### DATA SEGMENT
[Start of section]
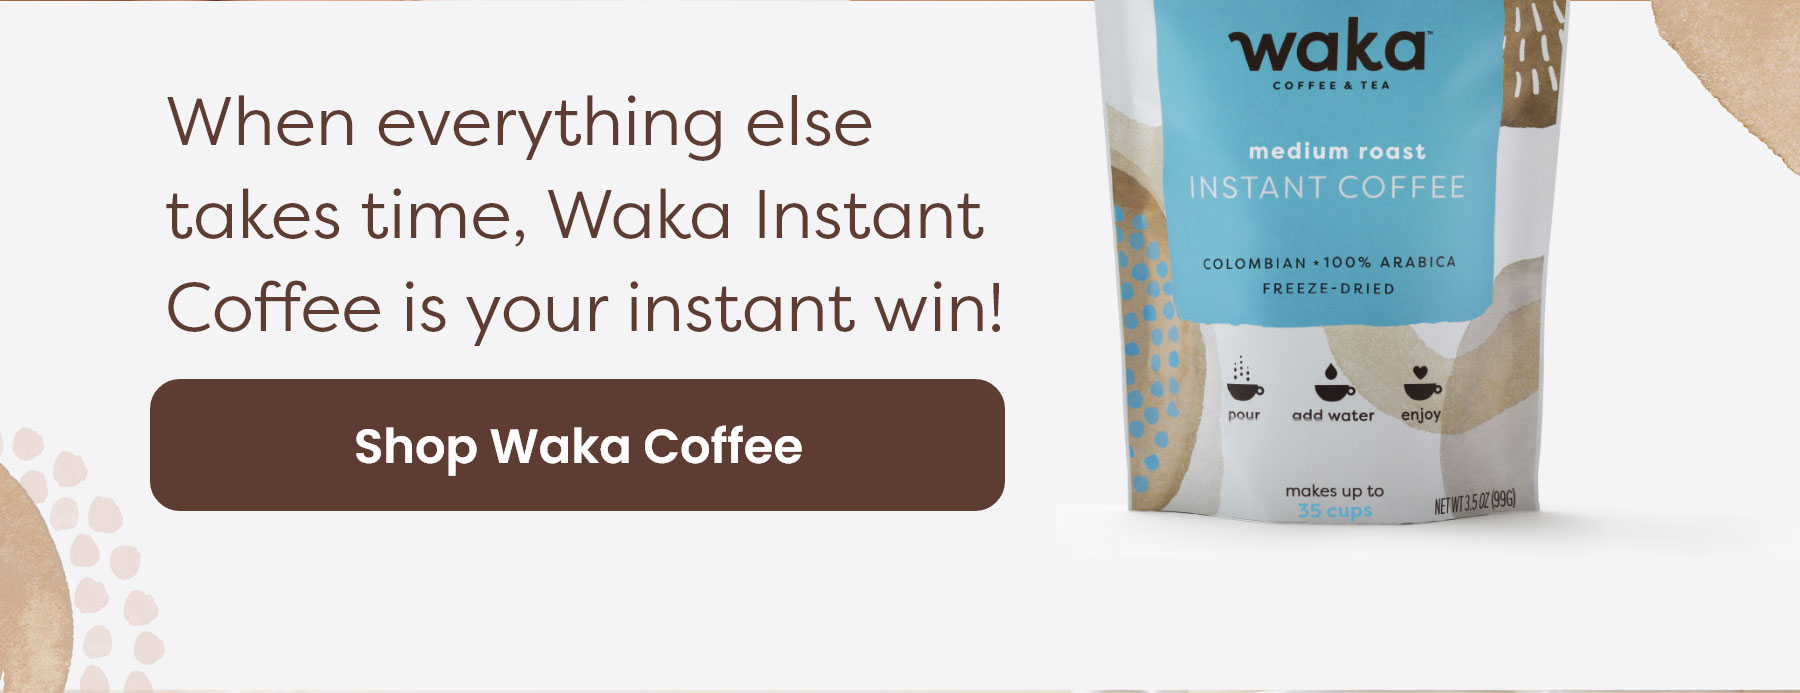 When everything else takes time, Waka Instant Coffee is your instant win! [Shop Waka Coffee]
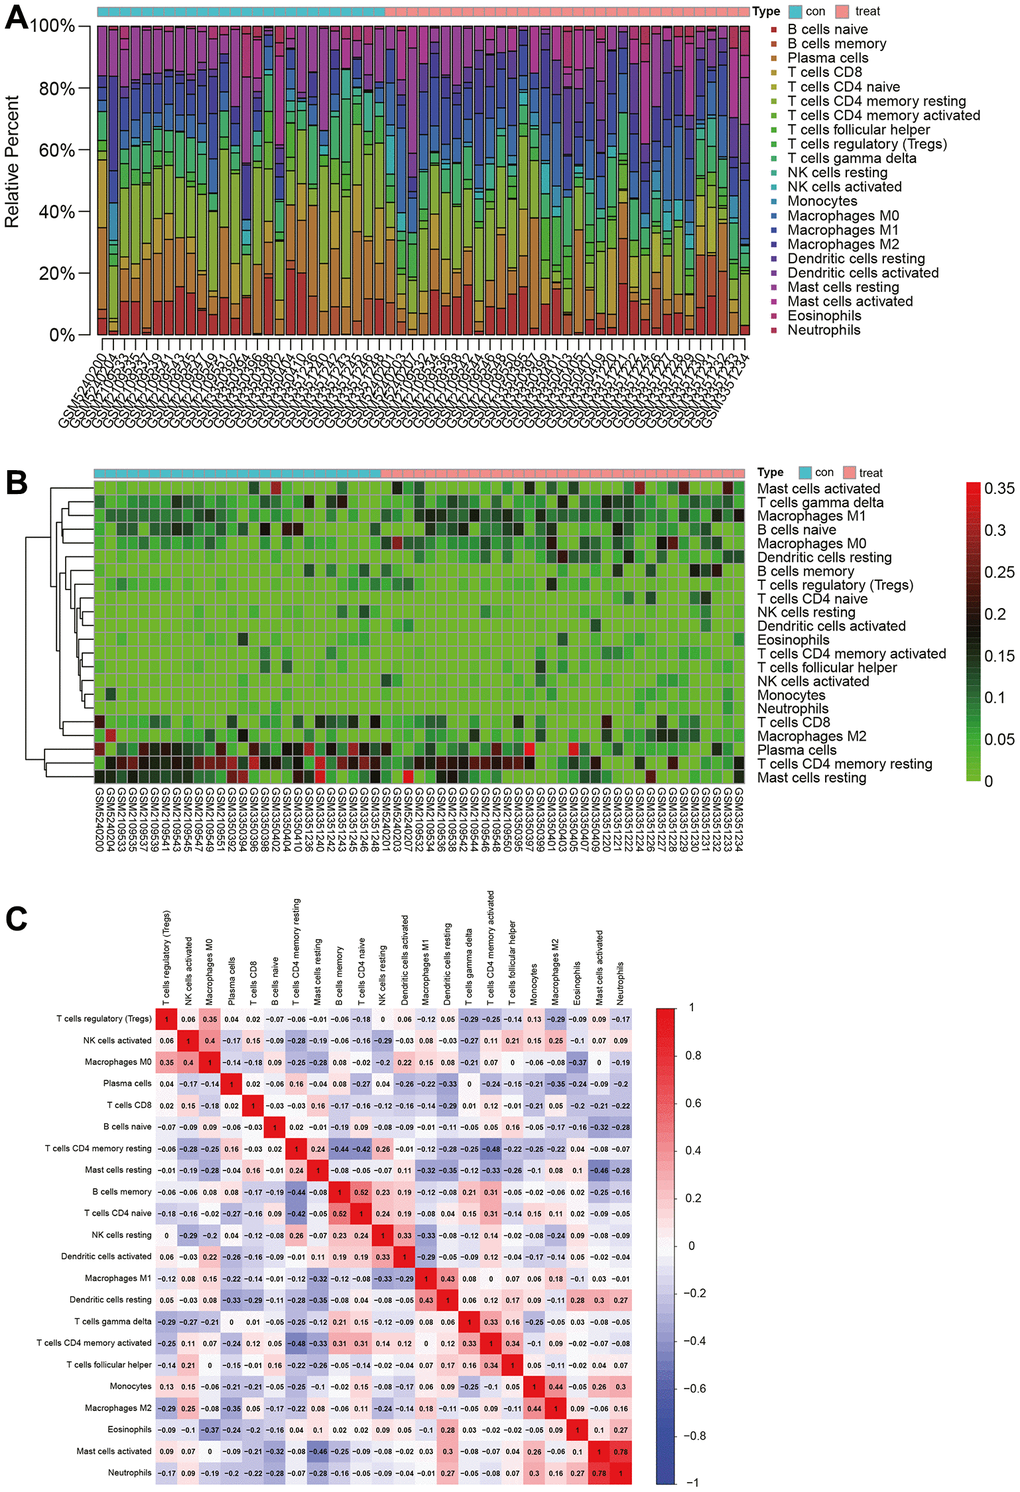 Immune infiltration analysis. (A) Proportion of naive CD4 T cells in samples. (B) Heatmap of immune cell expression levels. (C) Analysis of immune cell correlations.
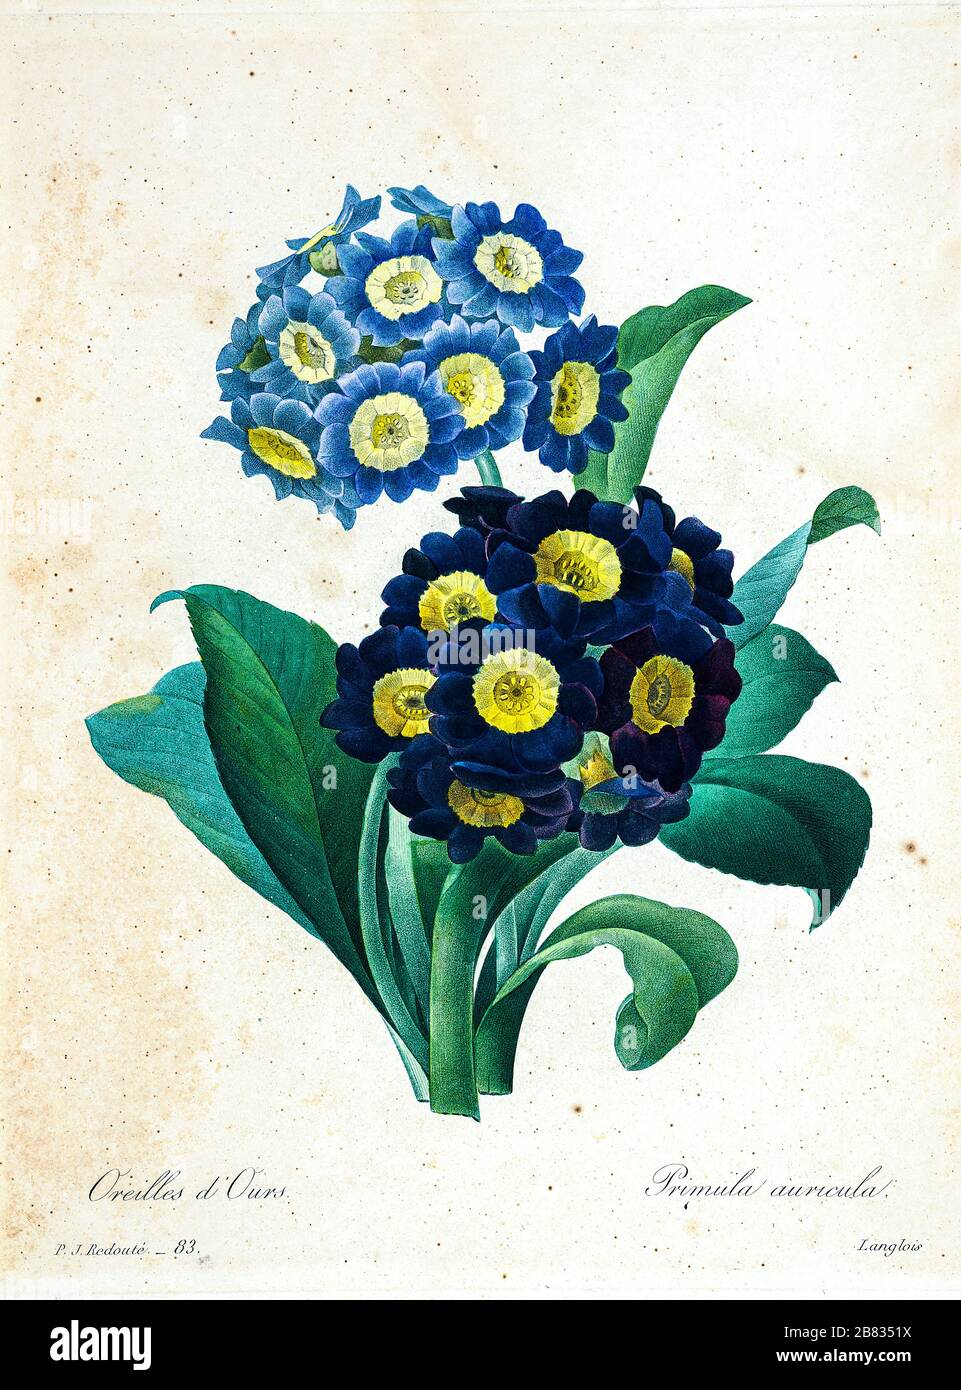 19th-century hand painted Engraving illustration of Primula auricula flowers, often known as auricula, mountain cowslip or bear's ear  flower, by Pierre-Joseph Redoute. Published in Choix Des Plus Belles Fleurs, Paris (1827). by Redouté, Pierre Joseph, 1759-1840.; Chapuis, Jean Baptiste.; Ernest Panckoucke.; Langois, Dr.; Bessin, R.; Victor, fl. ca. 1820-1850. Stock Photo
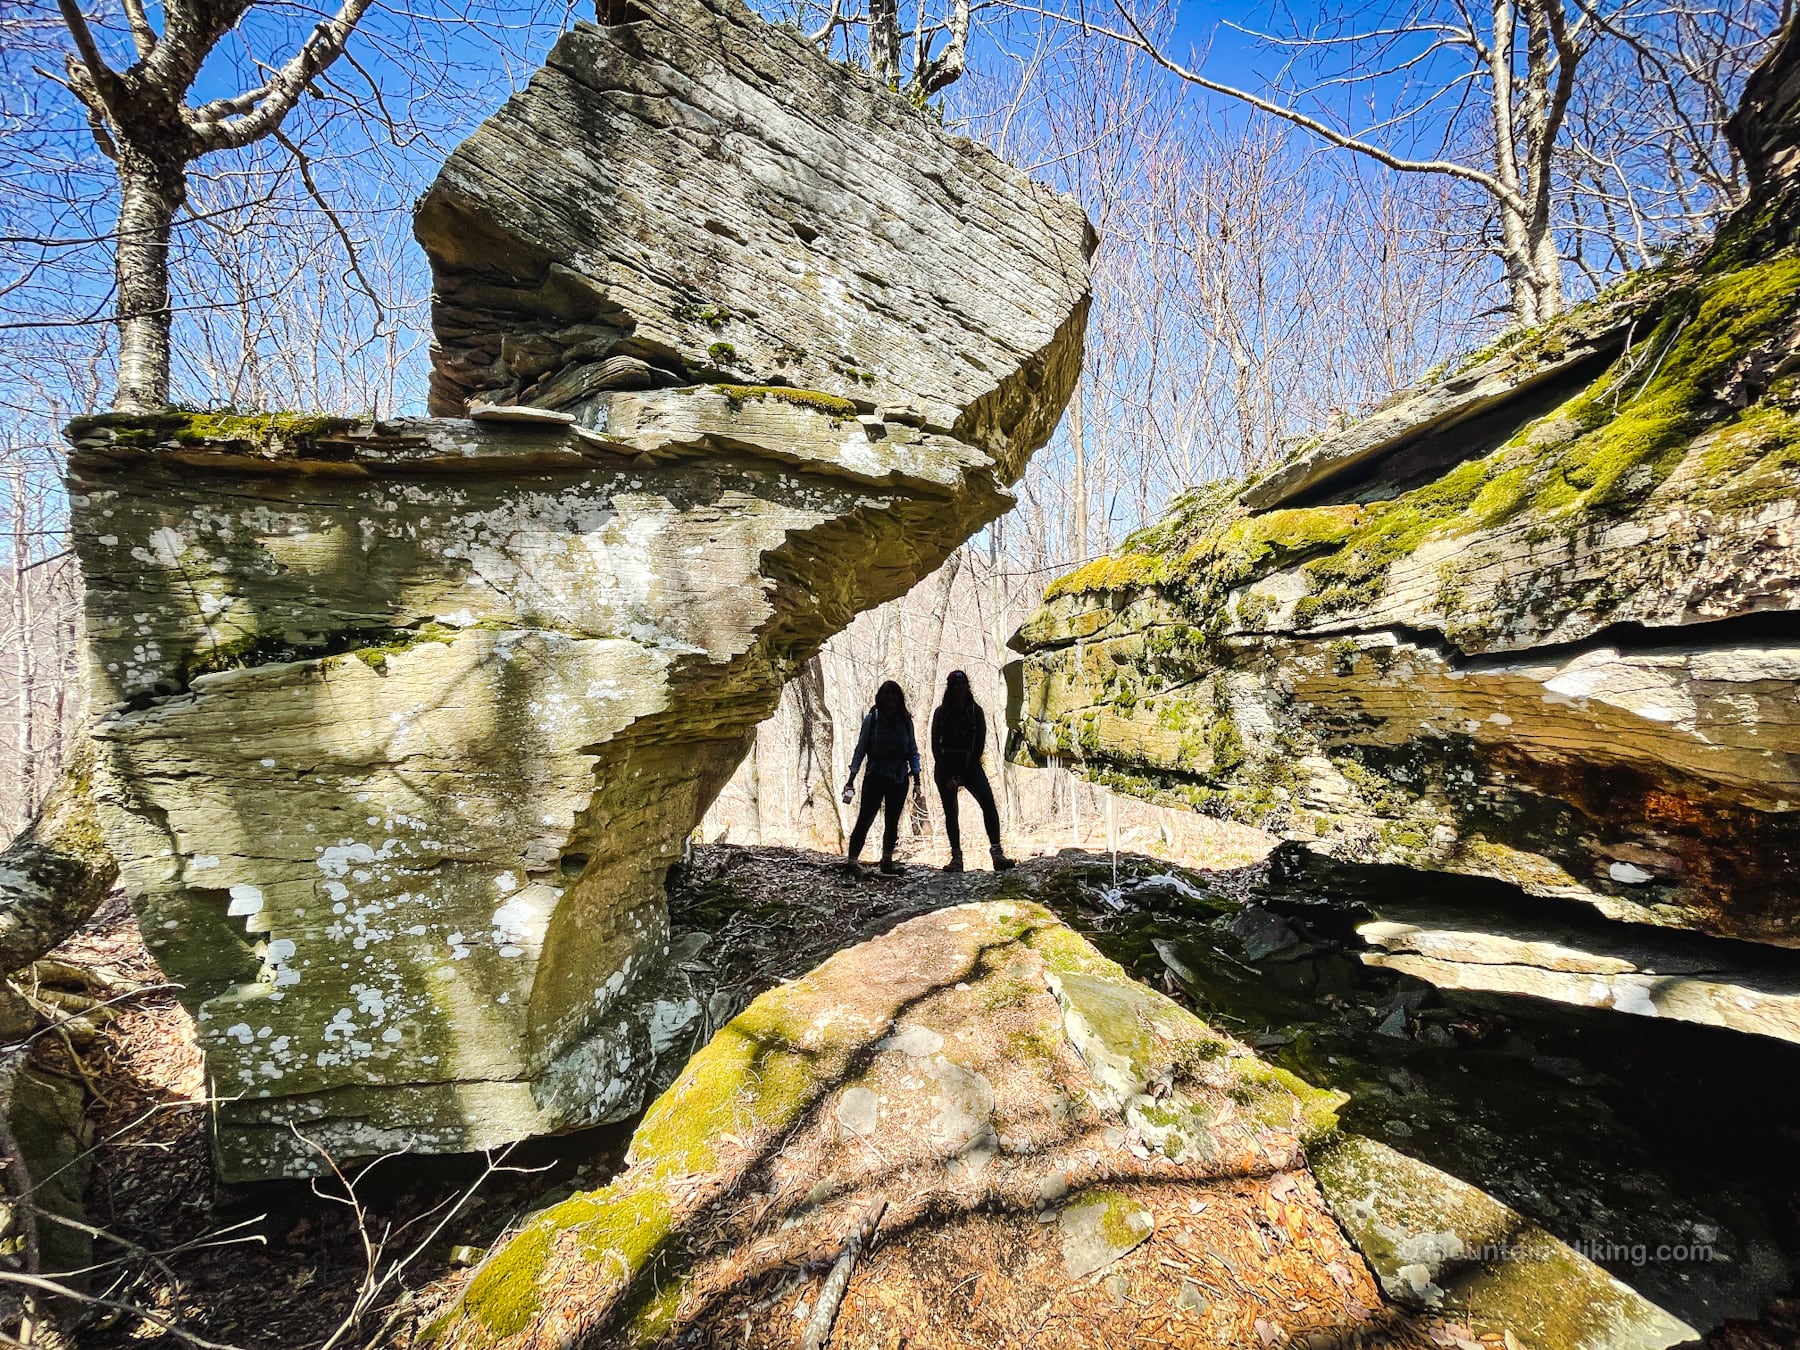 two hikers in silhouette in a rock chasm
[End of section]
Return every line shown above without changing a word, and skip the pictures.

 When everything else takes time, Waka Instant Coffee is your instant win! [Shop Waka Coffee]
 Immune infiltration analysis. (A) Proportion of naive CD4 T cells in samples. (B) Heatmap of immune cell expression levels. (C) Analysis of immune cell correlations.
 19th-century hand painted Engraving illustration of Primula auricula flowers, often known as auricula, mountain cowslip or bear's ear  flower, by Pierre-Joseph Redoute. Published in Choix Des Plus Belles Fleurs, Paris (1827). by Redouté, Pierre Joseph, 1759-1840.; Chapuis, Jean Baptiste.; Ernest Panckoucke.; Langois, Dr.; Bessin, R.; Victor, fl. ca. 1820-1850. Stock Photo
 two hikers in silhouette in a rock chasm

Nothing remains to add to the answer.